We can see that after applying the OneHotEncoder to the 'RAD' column, we have increased the number of columns in our dataset from 13 to 21 as it added one column for each unique value of 'RAD'. However, if we use this, we will run into the issue of multicollinearity since each dummy variable can be represented as a linear combination of the other dummy variables. To solve this issue, we want to create n-1 dummy variables. This can be done using the 'drop' parameter of the OneHotEncoder function, as shown below, resulting in one less column.

In [18]:
# drop 1 to solve issue of multicollinearity

enc_boston = ColumnTransformer(
    [("RAD", OneHotEncoder(drop='first'), [rad_idx])], remainder="passthrough")
boston_X_train_enc = enc_boston.fit_transform(boston_X_train_imp)
boston_X_test_enc = enc_boston.transform(boston_X_test_imp)
print(enc_boston.transformers_)

print(boston_X_train_enc.shape)
print(boston_X_test_enc.shape)

[('RAD', OneHotEncoder(drop='first'), [8]), ('remainder', 'passthrough', [0, 1, 2, 3, 4, 5, 6, 7, 9, 10, 11, 12])]
(379, 20)
(127, 20)


#### 3. Feature Scaling

For some machine learning models, we must first scale the features so that they are all on a shared scale. This supports faster model convergence and removes any bias toward features with higher magnitudes (i.e., giving more importance to features on a scale of cm vs. inches).

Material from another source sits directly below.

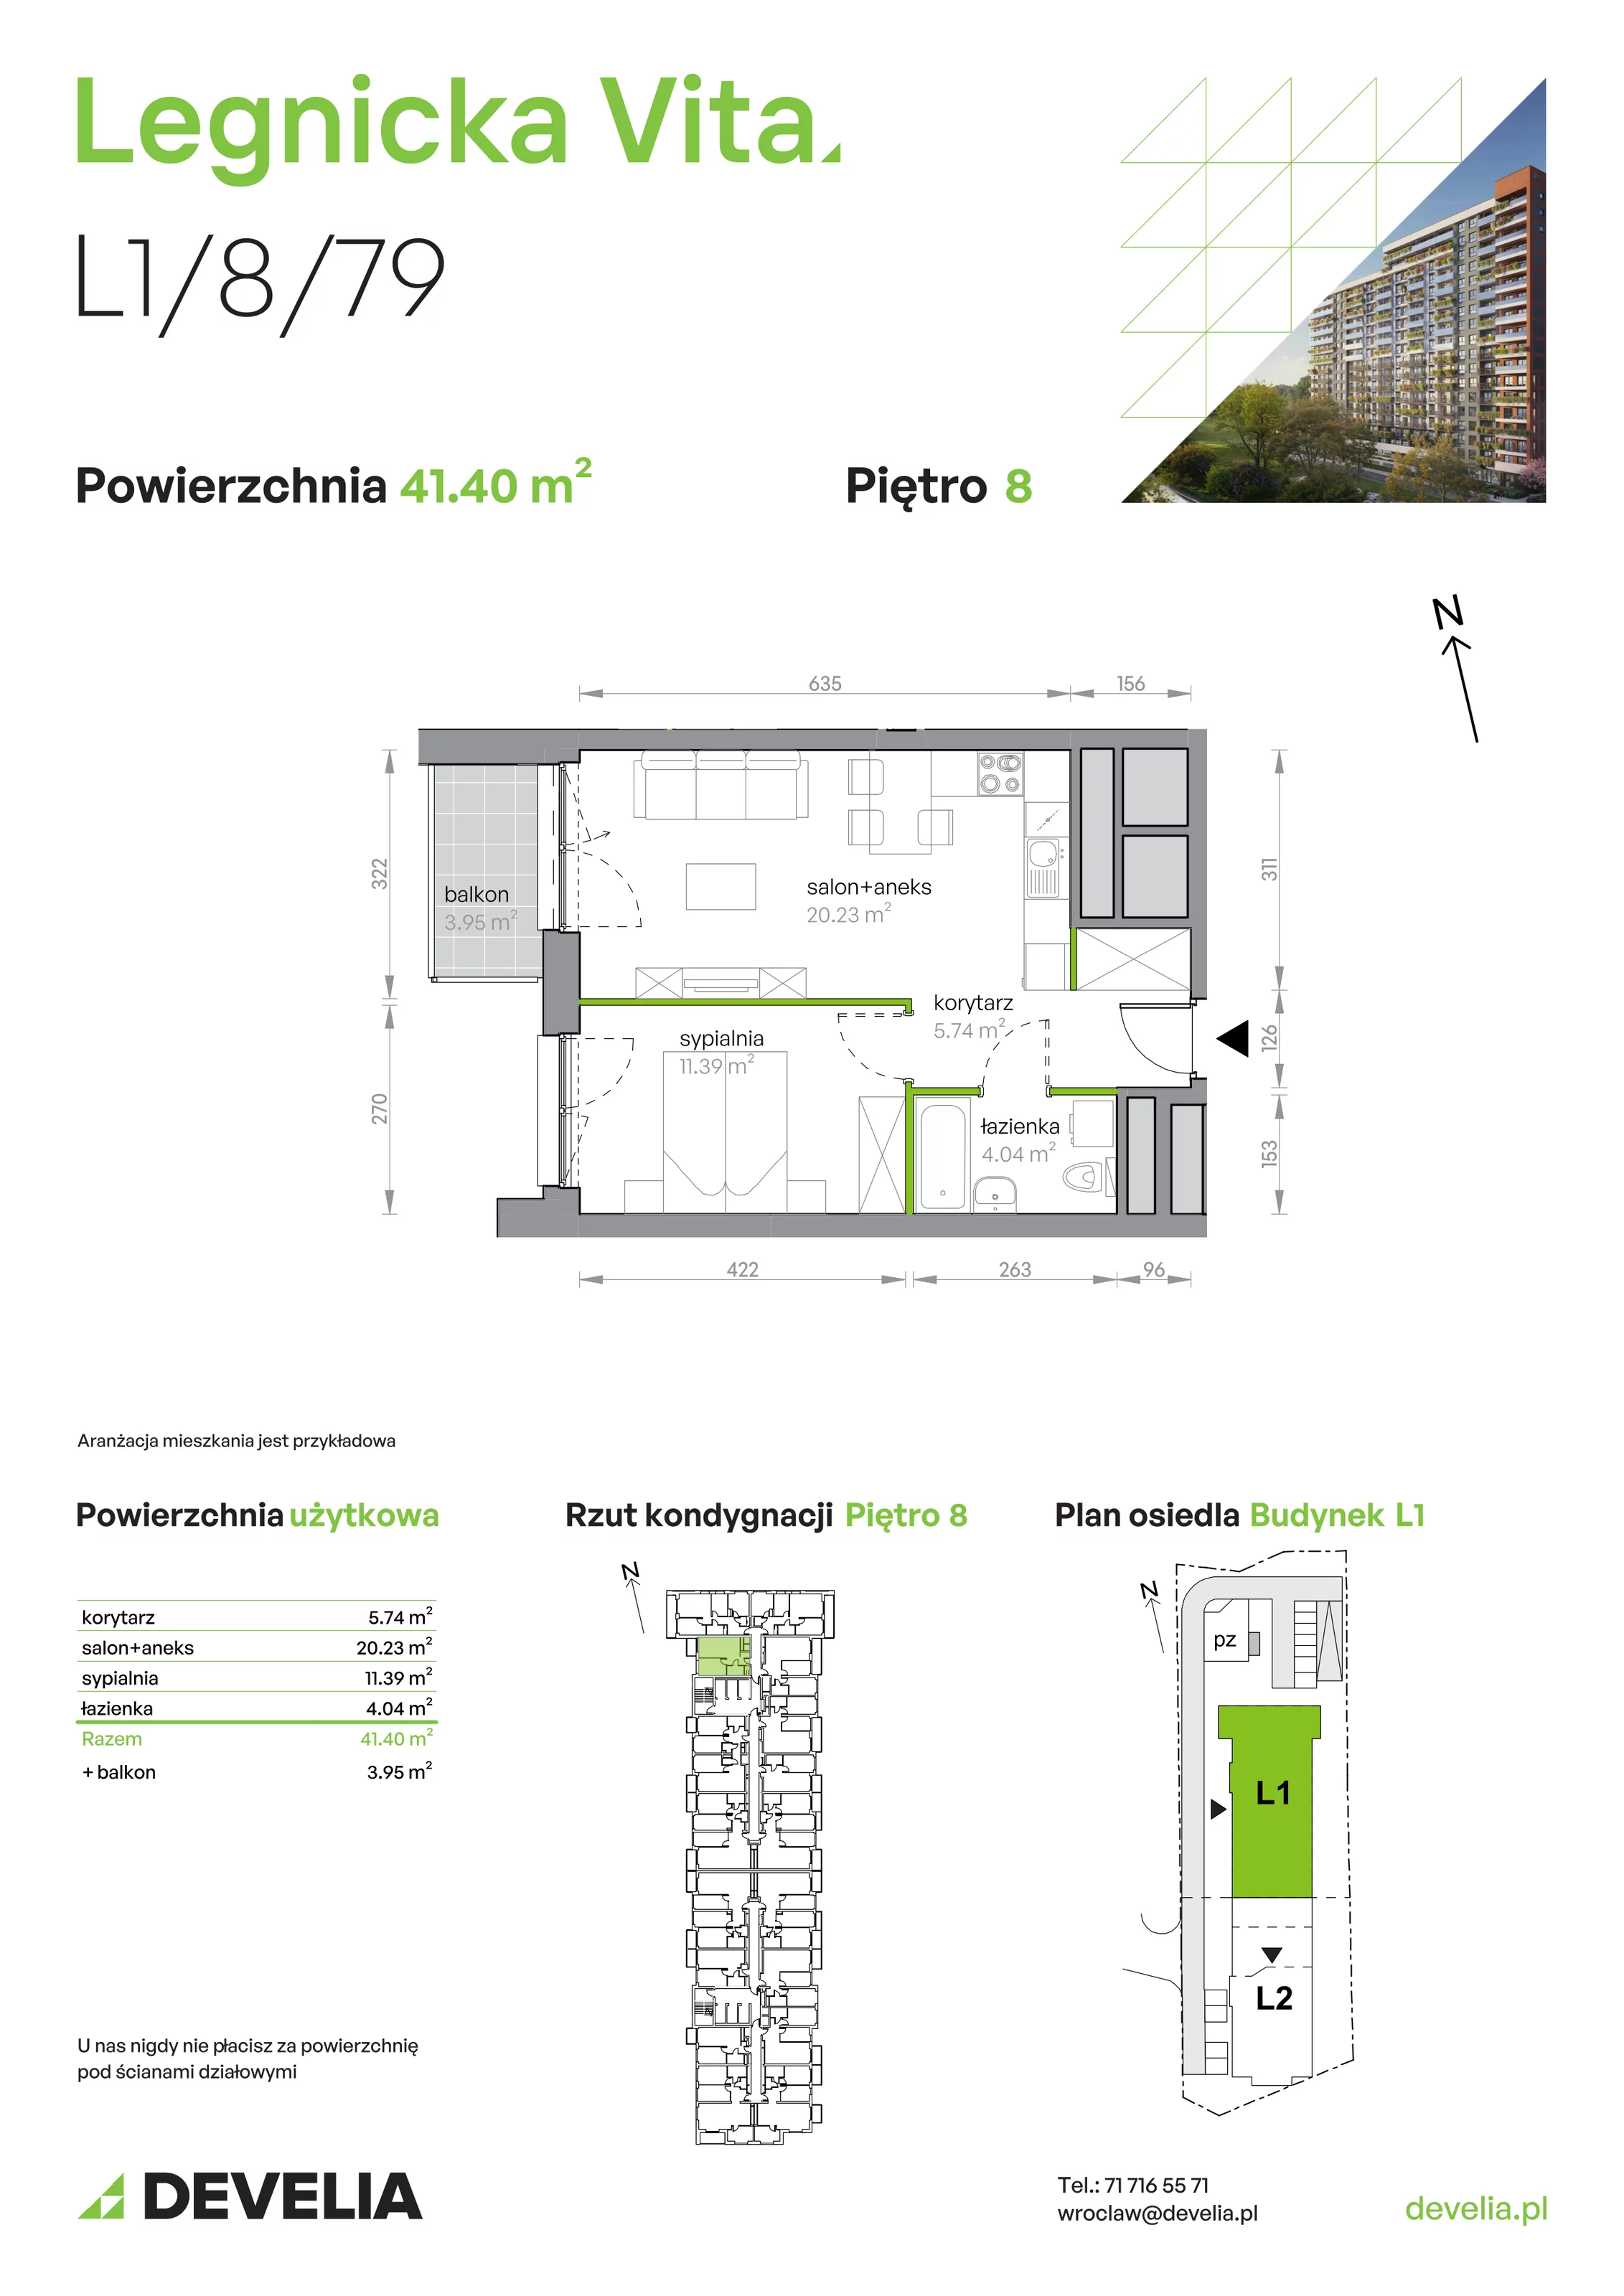 Mieszkanie 41,40 m², piętro 8, oferta nr L1/8/79, Legnicka Vita, Wrocław, Gądów-Popowice Południowe, Popowice, ul. Legnicka 52 A

Two of the most common techniques for feature normalization are 1) StandardScaler and 2) MinMaxScaler. StandardScaler works by adjusting the mean of each feature to zero with a standard deviation of 1. MinMaxScaler works by scaling all values to between 0 and 1. There are no hard rules for when to use one over the other but some factors to consider are the problem we intend to solve, assumptions regarding the distribution of the data (including the presence of outliers) and the ML models we plan on implementing. It can also be a good option to try out both and see which results in better performance. Either way, we must fit the scaler on our training data and then transform our testing data using it to avoid any data leakage.

In [19]:
from sklearn.preprocessing import StandardScaler

scaler = StandardScaler()
boston_X_train_scal = scaler.fit_transform(
    boston_X_train_enc)  # use fit_transform on training data
boston_X_test_scal = scaler.transform(
    boston_X_test_enc)  # use transform on testing data

In [20]:
from sklearn.preprocessing import MinMaxScaler

# apply MinMaxScaler to the cancer dataset ('cancer_X_train_imp' and 'cancer_X_test_imp')
# name the resulting variables 'cancer_X_train_scal' and 'cancer_X_test_scal'

scaler = MinMaxScaler()
cancer_X_train_scal = scaler.fit_transform(
    cancer_X_train_imp)  # use fit_transform on training data
cancer_X_test_scal = scaler.transform(
    cancer_X_test_imp)  # use transform on testing data

### Feature Selection

When we have large datasets with high dimensionality, feature selection can help us reduce the dimensionality (e.g., the number of input variables or features) by removing irrelevant or redundant features. This can help with reducing the computational costs associated with training models and can also improve the performance of our models in some cases. There are many feature selection techniques so we will only experiment with a few here.

In [22]:
# Method 1: Mutual Information (regression)
from sklearn.decomposition import PCA
from sklearn.feature_selection import SelectKBest
from sklearn.feature_selection import mutual_info_regression

# select the top 10 features
selector = SelectKBest(mutual_info_regression, k=10)
boston_X_train_mi = selector.fit_transform(boston_X_train_scal, boston_y_train)
print("Training data shape (after applying Mutual Info):", boston_X_train_mi.shape)
boston_X_test_mi = selector.transform(boston_X_test_scal)
print("Testing data shape (after applying Mutual Info):", boston_X_test_mi.shape)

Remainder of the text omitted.